Skip to main content
Version: Next

TCR Input and Artifacts

Updated 2024.08.07

Data Preparation

Training Data Preparation

To use TCR, you need to prepare tabular data with columns for training features (x columns) and a label column (y column). Currently, only .csv file formats are supported.

Training Dataset Example

x_0x_1...x_9y
valuevalue...valueclass
...............

Input Data Directory Structure Example

  • To use ALO, separate files for training and inference data are required.
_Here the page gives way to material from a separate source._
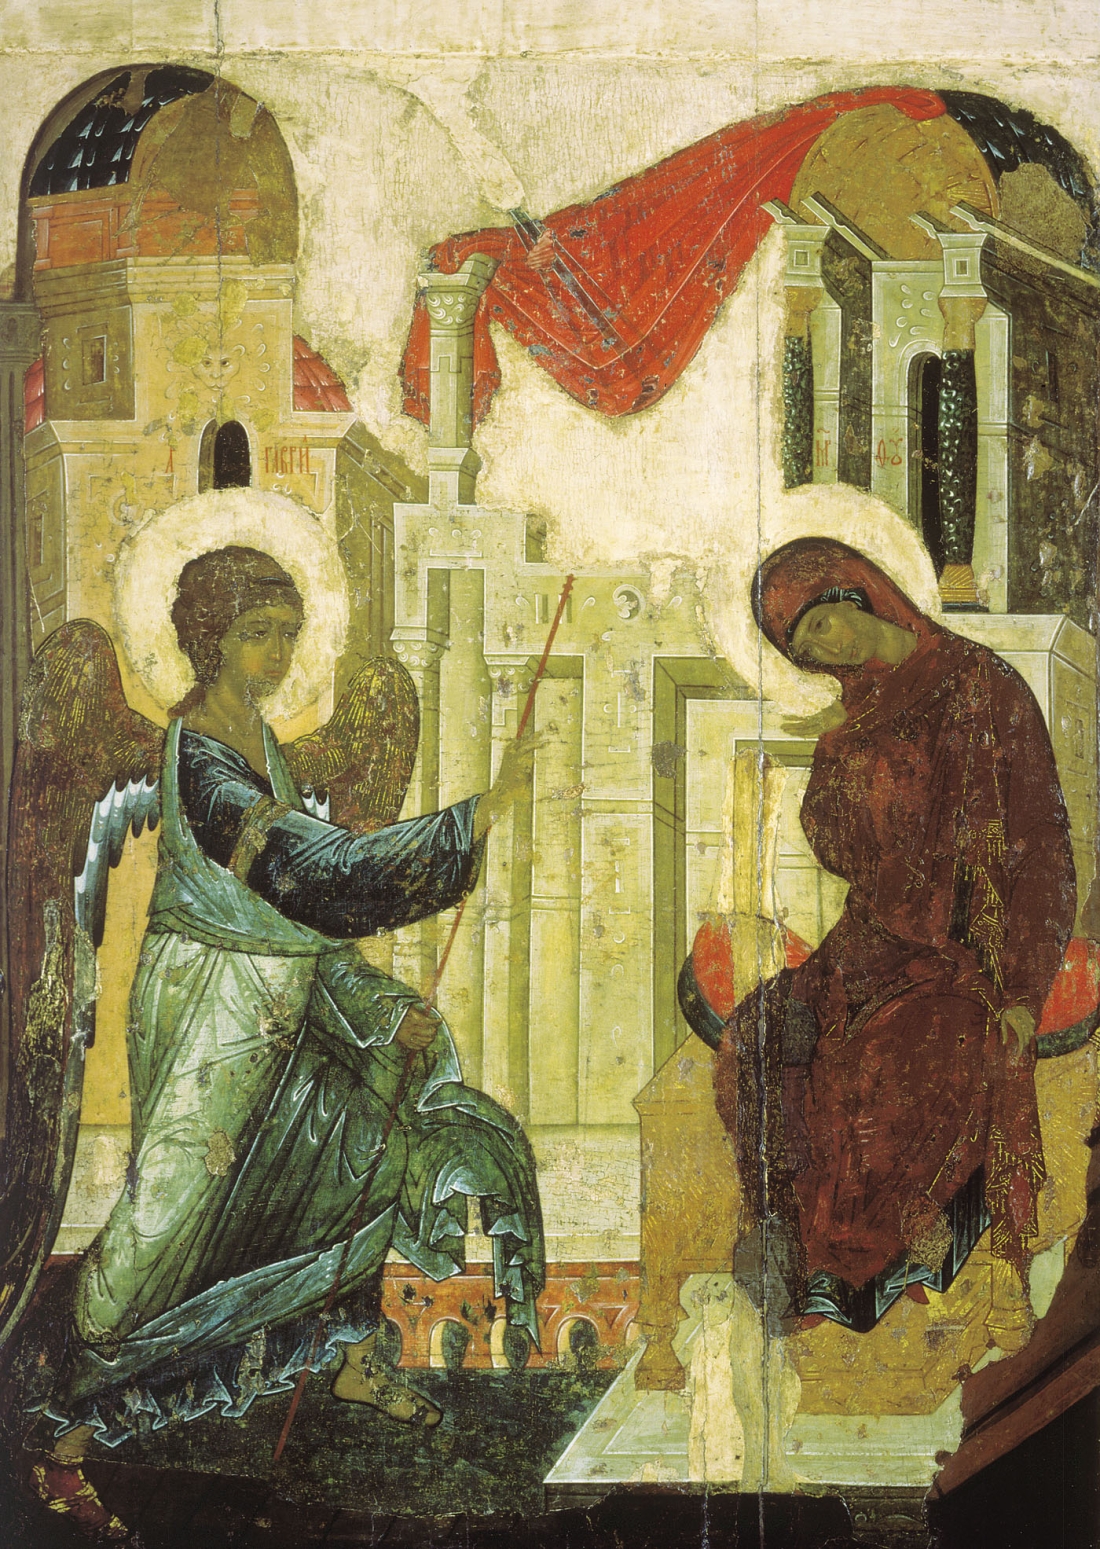 Αντρέι Ρουμπλιώφ, Ευαγγελισμός της Θεοτόκου, 1408, 125 × 94 εκ.  Στην αναπαράσταση του σπουδαίου ρώσου ζωγράφου, ο αρχάγγελος δεν κρατά κρίνο, όπως έχει κυριαρχήσει στις αναπαραστάσεις της ανατολικής εικονογραφίας, αλλά ραβδί, που είναι σύμβολο αγγελιοφόρου.

Organize the data as shown below.
  • All files in a single folder are combined into a single dataframe by the input asset and used for modeling (files in subfolders are also combined).
  • All files in a folder must have the same column names.
./{train_folder}/
└ train_data1.csv
└ train_data2.csv
└ train_data3.csv
./{inference_folder}/
└ inference_data1.csv
└ inference_data2.csv
└ inference_data3.csv

Data Requirements

Mandatory Requirements

The input data must meet the following conditions:

IndexItemSpecification
1Number of y columns1
2Number of classes (labels) in y column2 or more

Additional Requirements

These conditions help ensure minimum performance. The algorithm will still run if these conditions are not met, but performance is not guaranteed.
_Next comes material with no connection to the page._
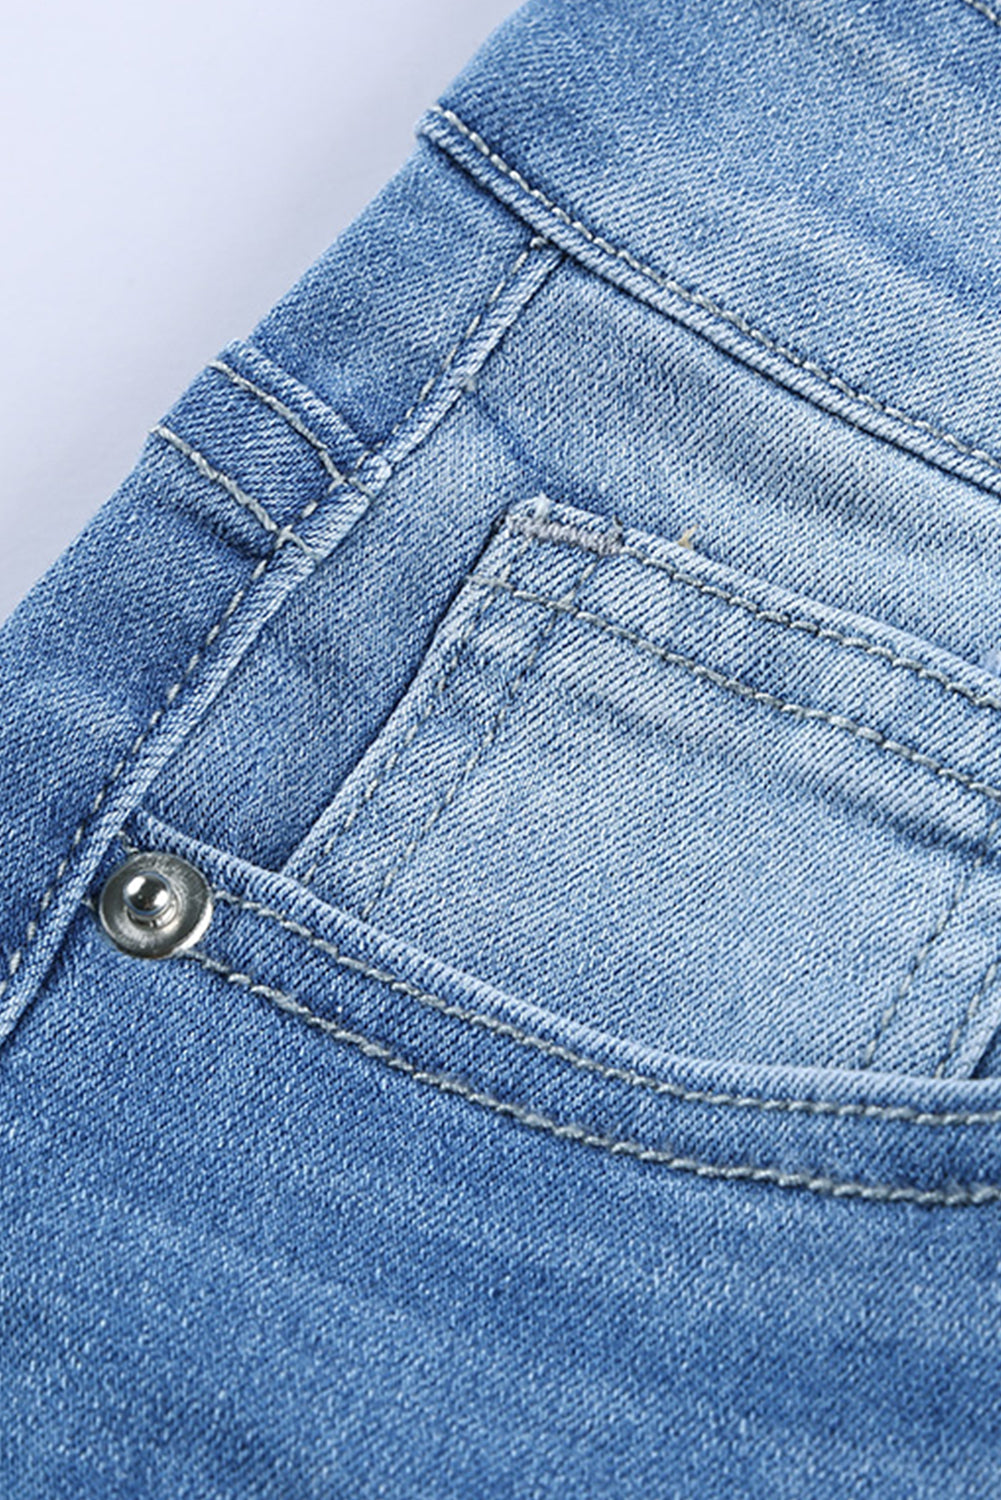 Verwaschene Jeans mit mittelhohem Bund und Löchern

IndexItemSpecificationNote
1Minimum amount of training dataclassification: at least 30 samples per class / regression: at least 100 samplesThe default values can be adjusted using the min_rows user argument, but it is recommended to use data that meets or exceeds the default values to ensure model performance.
2No unseen categorical data during inferenceYesThis behavior can be controlled using the ignore_new_category user argument, but retraining is recommended if this occurs.

Artifacts

Executing training/inference generates the following artifacts.

Train Pipeline

./alo/train_artifacts/
└ log/pipeline.log
└ models/train/
└ best_model.pkl
└ model_selection.json
└ model_selection.csv
└ ...
└ output/
└ output.csv
└ extra_output
└ readiness
└ report.csv
└ train
└ eval_result.csv
└ summary_plot.png (if Shapley value output is enabled)

Inference Pipeline

./alo/inference_artifacts/
└ log/pipeline.log
└ output/inference/
└ output.csv
└ extra_output
└ readiness/
└ report.csv
└ inference/
└ eval_result.csv (in cases where the y label is present)
└ summary_plot.png (if Shapley value output is enabled)
   └ score/
└ inference_summary.yaml

Description of Artifacts

pipeline.log

Logs for each TCR asset in the pipeline. Checking the log file content provides information about the methods applied by each asset.
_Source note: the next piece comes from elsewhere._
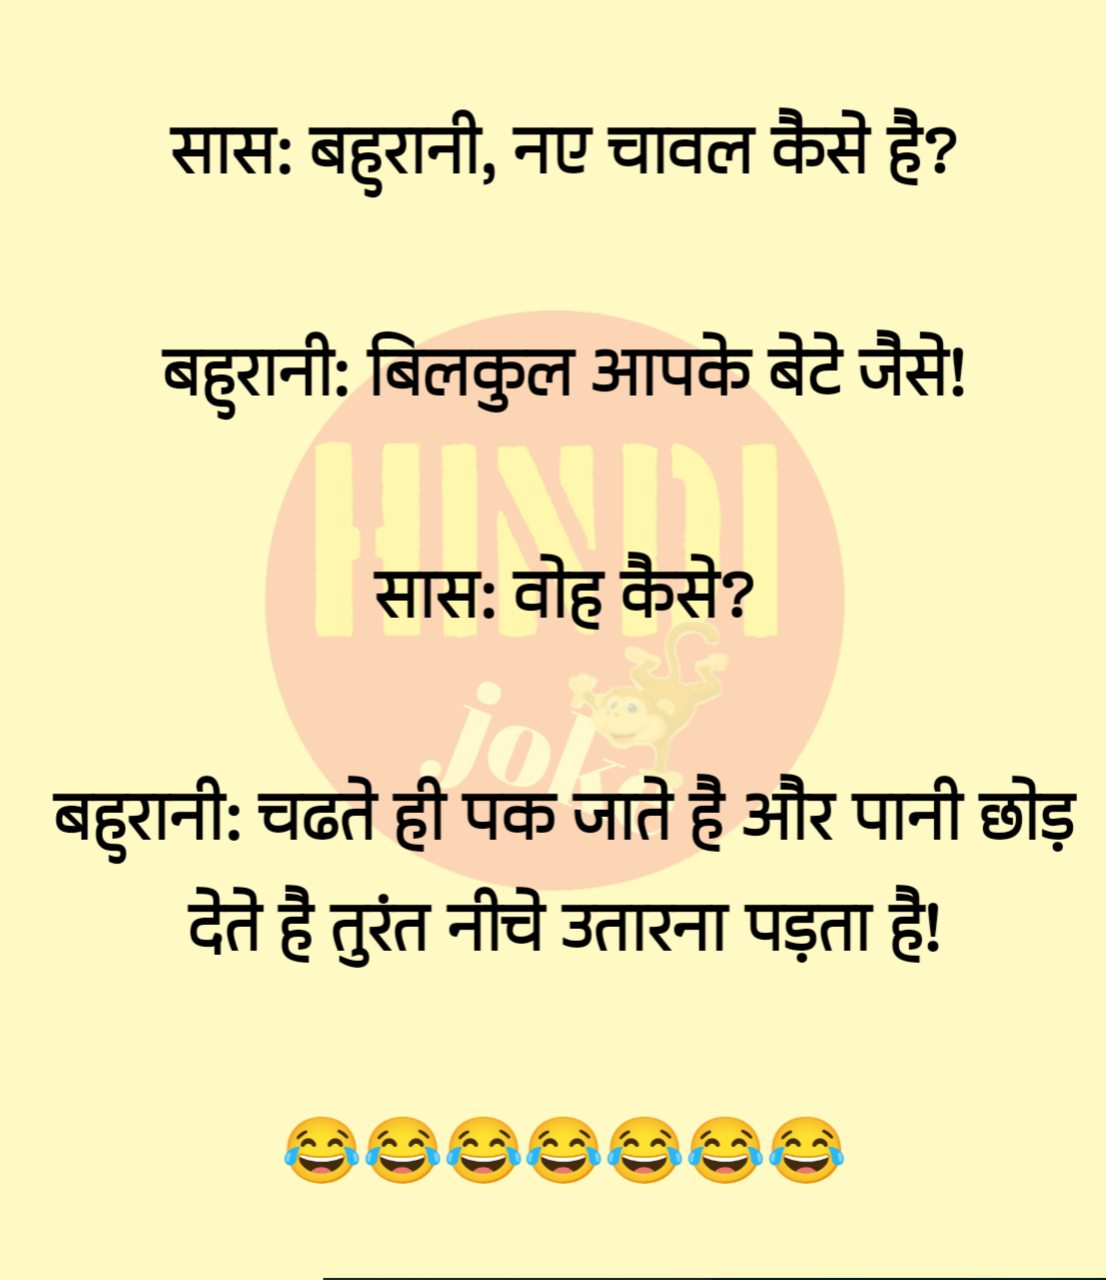 Nonveg jokes hindi || Best funny jokes || double meaning jokes hindi

# Example log from the readiness asset for TCR's sample_data/train_titanic dataset.
...
[2024-04-09 01:53:46,045|USER|INFO|readiness.py(654)|save_info()] Column Pclass is classified as a numeric column.
[2024-04-09 01:53:46,055|USER|WARNING|readiness.py(657)|save_warning()] Column Name has more than 50 unique values, excluding from x_columns.
[2024-04-09 01:53:46,063|USER|INFO|readiness.py(654)|save_info()] Column Sex is classified as a categorical column.
[2024-04-09 01:53:46,072|USER|INFO|readiness.py(654)|save_info()] Column Age is classified as a numeric column.
[2024-04-09 01:53:46,081|USER|INFO|readiness.py(654)|save_info()] Column SibSp is classified as a numeric column.
[2024-04-09 01:53:46,089|USER|INFO|readiness.py(654)|save_info()] Column Parch is classified as a numeric column.
[2024-04-09 01:53:46,099|USER|WARNING|readiness.py(657)|save_warning()] Column Ticket has more than 50 unique values, excluding from x_columns.
[2024-04-09 01:53:46,107|USER|INFO|readiness.py(654)|save_info()] Column Fare is classified as a numeric column.
[2024-04-09 01:53:46,116|USER|WARNING|readiness.py(657)|save_warning()] Column Cabin has more than 50 unique values, excluding from x_columns.
[2024-04-09 01:53:46,126|USER|INFO|readiness.py(654)|save_info()] Column Embarked is classified as a categorical column.
[2024-04-09 01:53:46,135|USER|INFO|readiness.py(654)|save_info()] Among training columns, ['Sex', 'Embarked'] are classified as categorical columns.
[2024-04-09 01:53:46,144|USER|INFO|readiness.py(654)|save_info()] Among training columns, ['Pclass', 'Age', 'SibSp', 'Parch', 'Fare'] are classified as numeric columns.
[2024-04-09 01:53:46,153|USER|INFO|readiness.py(654)|save_info()] Column Survived is classified as a categorical column.
...

best_model.pkl

The model file trained with the best parameters selected through HPO on the entire training data.

model_selection.json

Contains information related to HPO, including:

  • best_model_info: The best model and parameters selected by HPO.
  • data_split: The data split method used during HPO.
  • evaluation_metric: The evaluation metric.
  • target_label: The y class used as the HPO criterion.
  • x_columns: The training target x columns.
  • model_score: The HPO model candidates, including model names and parameters.

model_selection.csv

model_selection.csv has been created for easier viewing. The content is the same as in model_selection.json.

output.csv

Contains prediction results from the model, including predicted values and classification probabilities.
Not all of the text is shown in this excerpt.